Type of HF — Cardiopulmonary testing cannot reliably differentiate HFrEF from HFpEF. Studies shown that CPX variables are equally abnormal in HFpEF patients compared with HFrEF patients when matched by clinical characteristics and that the VO₂ can predict outcomes in this population, including readmissions [33,34]. In addition, there seems to be a correlation between peak VO₂ and other physiologic variables, such as N-terminal pro-B-type natriuretic peptide [33]. However, in HFpEF patients, the source of impaired VO₂ may be more strongly related to abnormal arteriovenous O₂ difference with reduced maximal oxidative capacity in skeletal muscle [35-37].

While the multiple sources of exercise intolerance have been extensively studied in HFrEF, those of HFpEF are less well-accepted or studied. Large database cohorts are showing a strong association with obesity and low levels of leisure-time physical activity with HFpEF. Limitations of exercise capacity in HFpEF may include poor skeletal muscle function and fat/muscle ratio, greater prevalence of right ventricular dysfunction, and both systemic and pulmonary hypertension. Obesity as a phenotype of the HFpEF syndrome is also associated with poor ventilation from reduced respiratory muscle strength [14,38].
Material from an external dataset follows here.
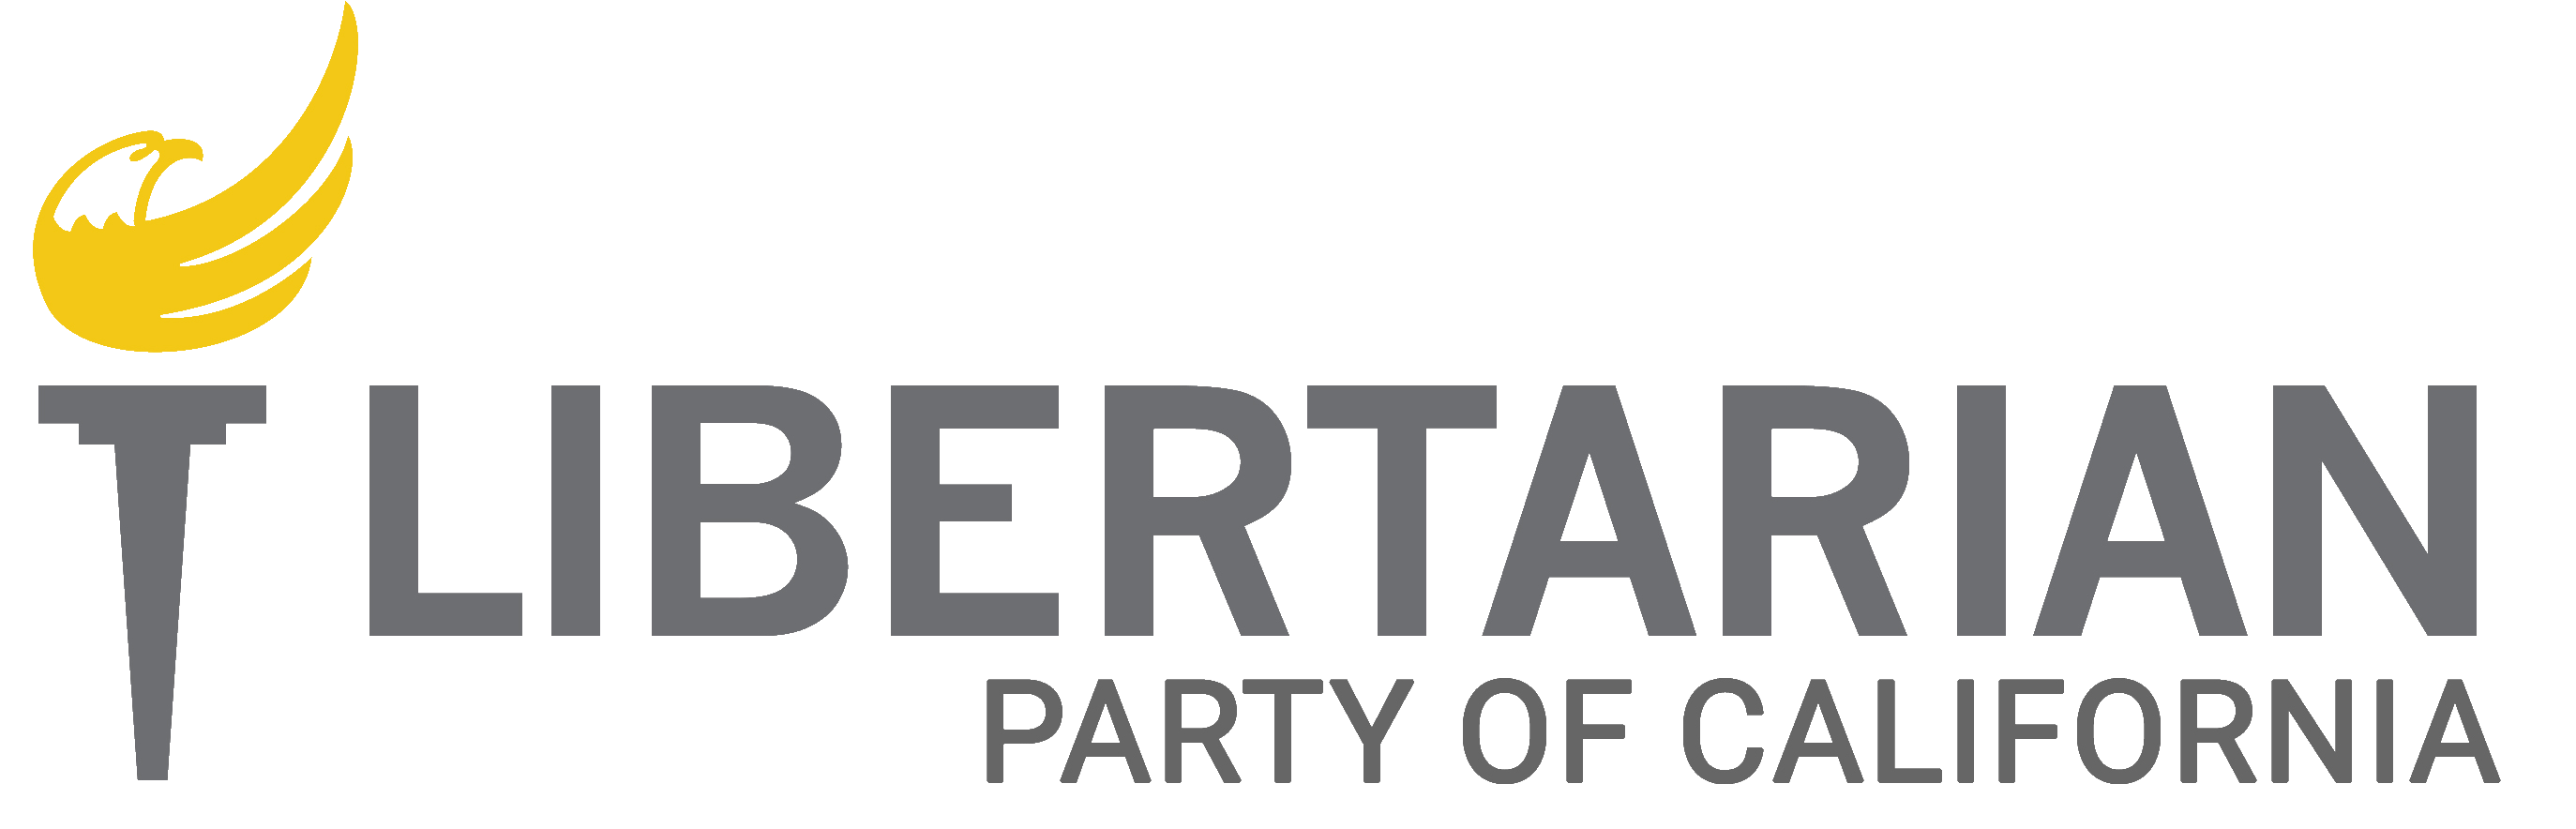 Contact Libertarian Party of California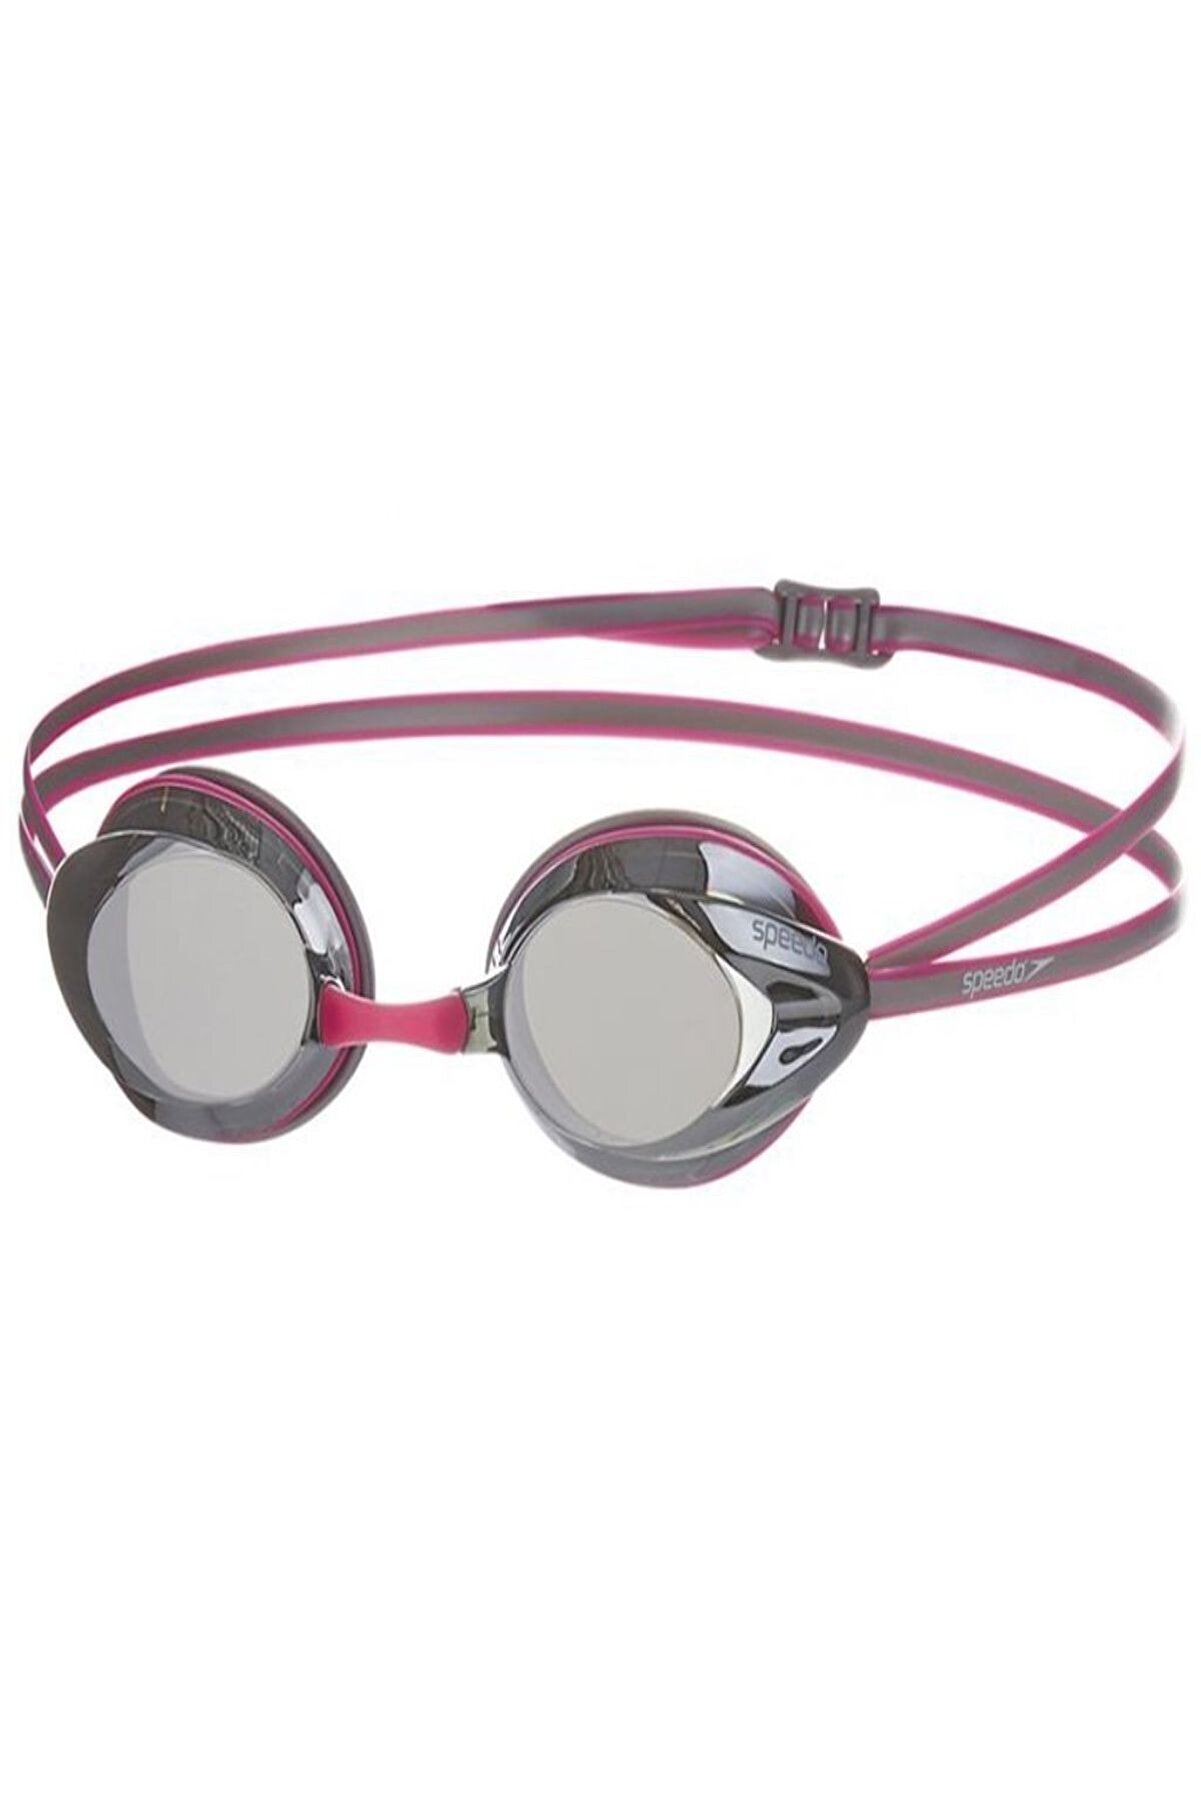 SPEEDO Opal Plus Aynalı Yüzücü Gözlüğü - Pembe

Additional predictors — The prognostic value of peak VO₂ may be enhanced by additional measures of the physiologic response to exercise:

●Systolic blood pressure – The predictive value of peak exercise systolic blood pressure was illustrated in a three-year follow-up study of 500 patients with HF referred for transplantation [39]. On multivariate analysis, peak exercise systolic blood pressure and the percent predicted VO₂max were the two most important predictors for the combined end point of death or listing for transplant. The three-year survival rate for patients with a peak exercise VO₂ ≤14 mL/min/kg who were unable to reach a peak exercise systolic blood pressure of 120 mmHg was 55 percent compared with 83 percent for those able to achieve this blood pressure (figure 5).

●Cardiac output – The incremental predictive survival value of the cardiac output response to maximal exercise was illustrated in the following studies:

In a study 185 patients with advanced HF, a "normal" cardiac output response to exercise provided incremental information above the absolute VO₂ determination in predicting survival [40]. This was especially true in patients with VO_2max responses below 10 mL/min/kg.

In another study, two hundred and nineteen patients underwent exercise testing while being monitored with a Swan-Ganz catheter [41]. Peak exercise stroke work index was the most powerful prognostic variable; the two-year survival for those with a stroke work index ≤30 g/m² was 54 percent compared with 91 percent for those with an index >30 g/m² (p <0.0001). Among patients with a relatively low peak VO₂, those who had a normal cardiac output response to exercise had an excellent two year survival (87 versus 58 percent in the others) (figure 6).

However, invasive hemodynamic exercise determinations are not practical for routine evaluation. Furthermore, a smaller study found that only 6 percent of patients had a normal response to exercise, suggesting that this approach may not be cost-effective [42].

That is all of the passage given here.